PROBLEM REQUIREMENTS »
Would you copy the lines below exactly and omit the images?

DATASET EXCERPT »
[Start of section]

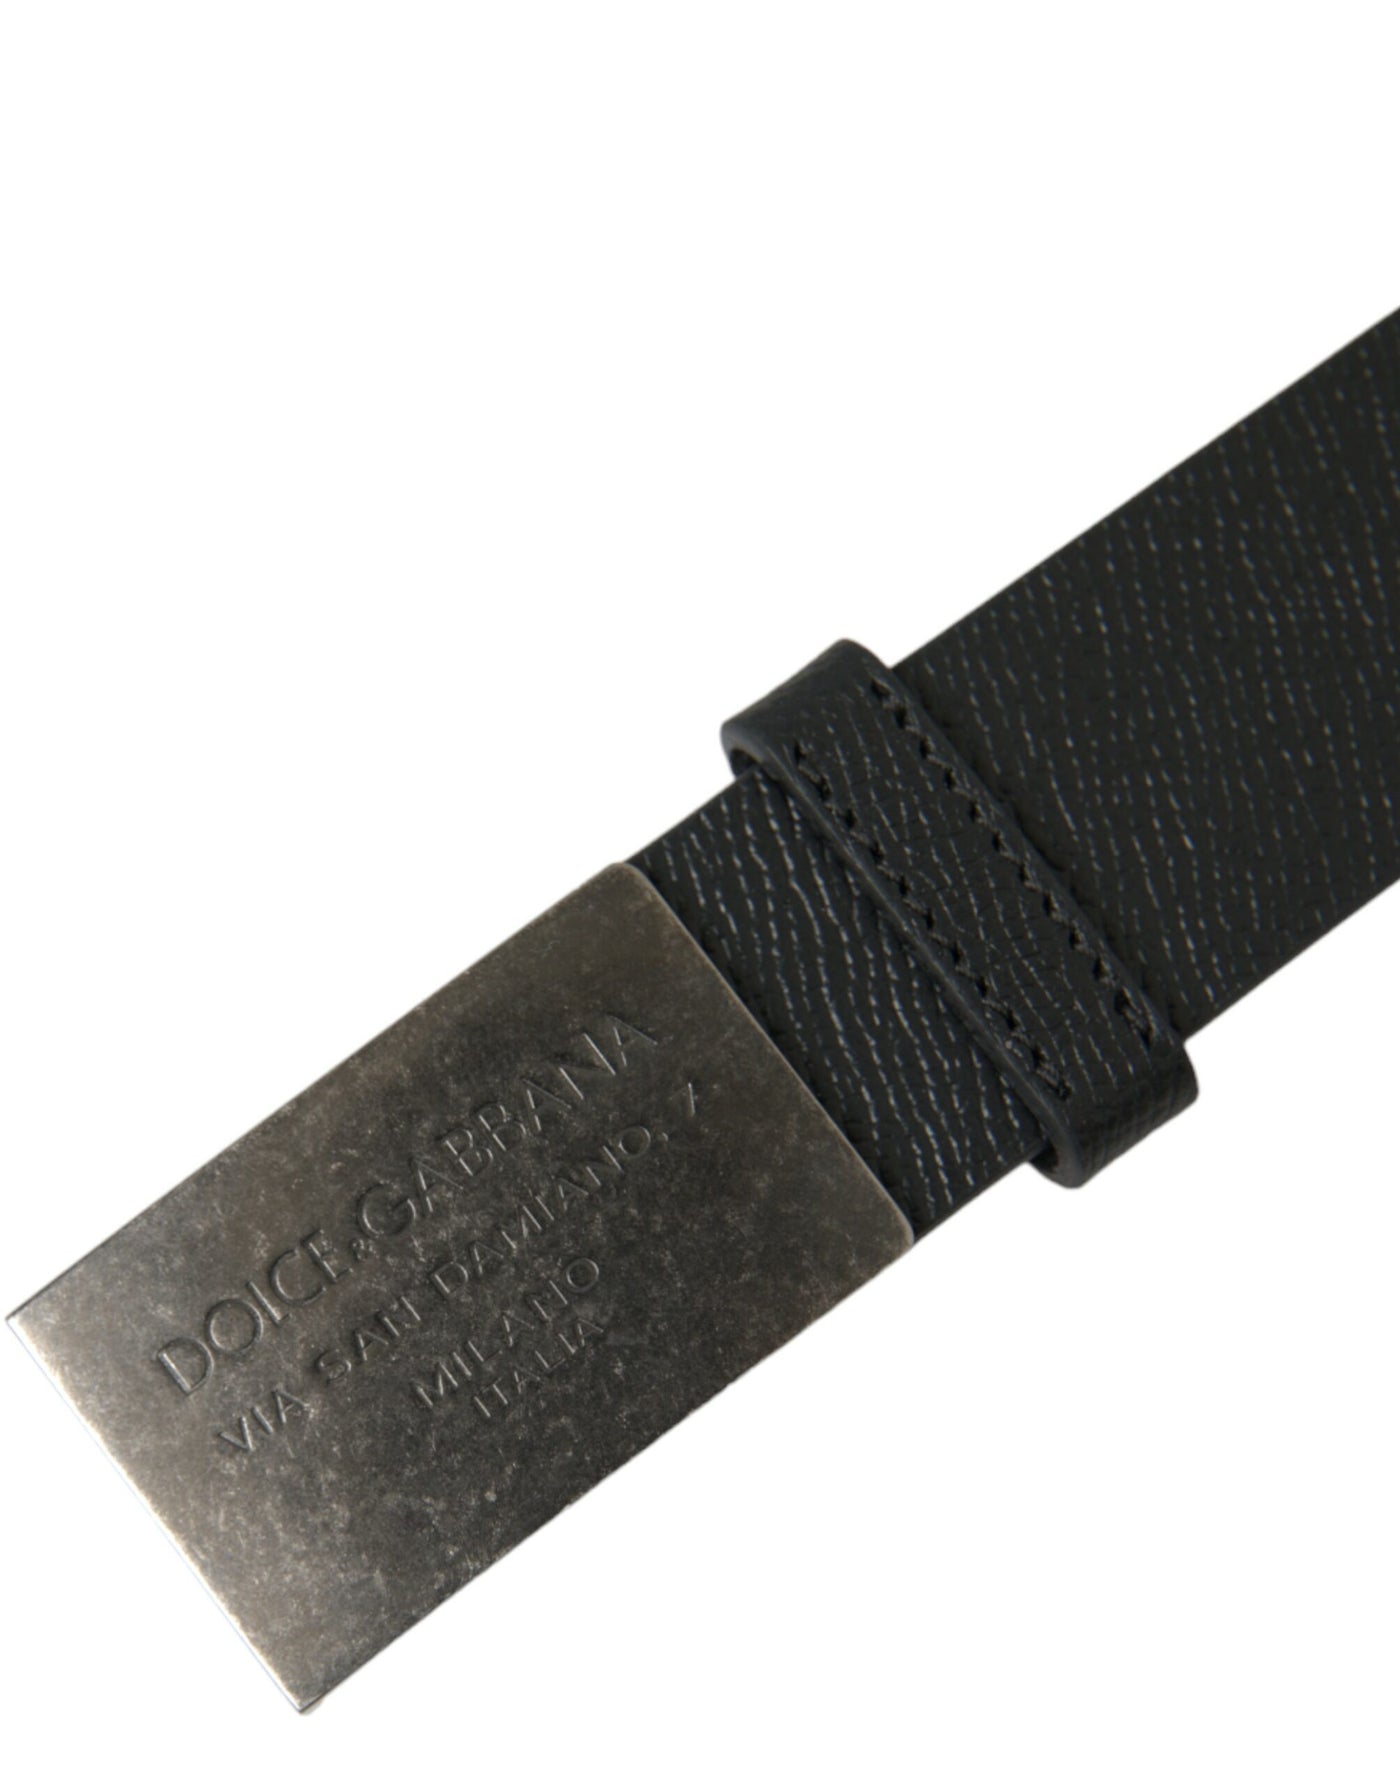 Dolce & Gabbana Black Leather Rectangle Metal Buckle Belt
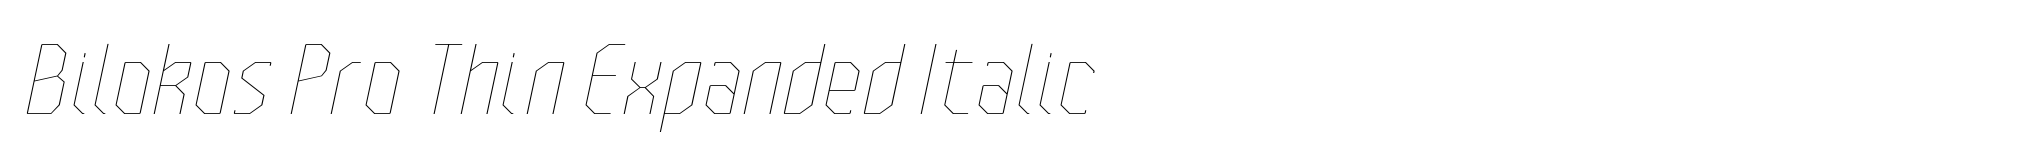 Bilokos Pro Thin Expanded Italic image
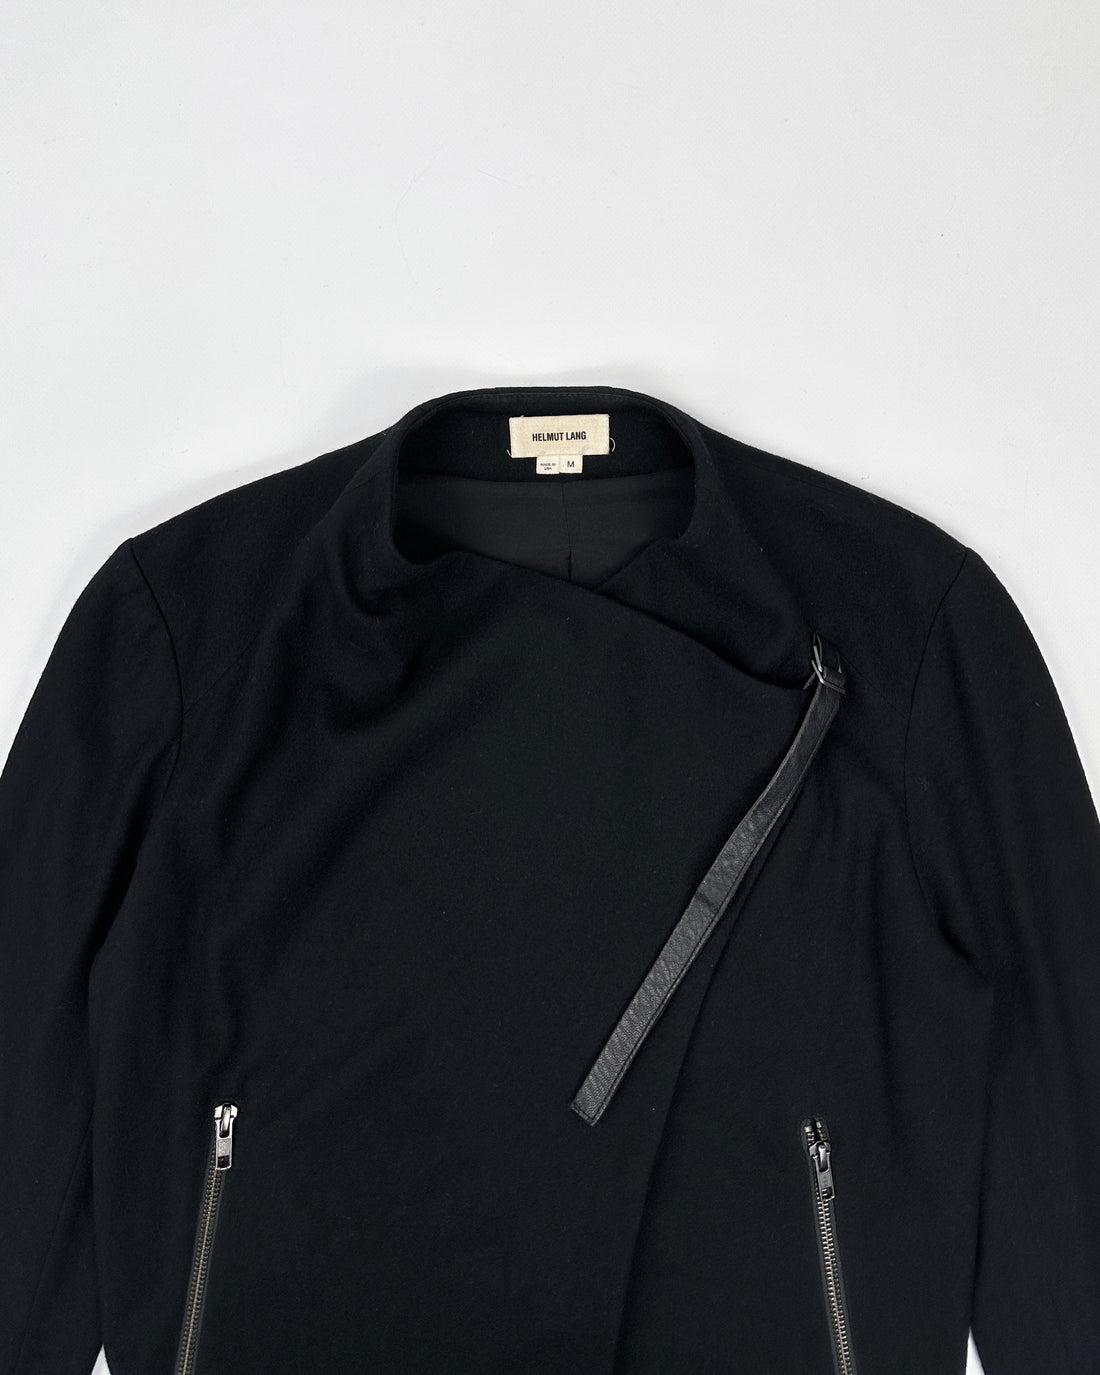 Helmut Lang Leather Strap Black Wool Jacket 1990's

[End of section]

RESULT FOR THIS EXERCISE »
 Dolce & Gabbana Black Leather Rectangle Metal Buckle Belt
 Bilokos Pro Thin Expanded Italic image
 Helmut Lang Leather Strap Black Wool Jacket 1990's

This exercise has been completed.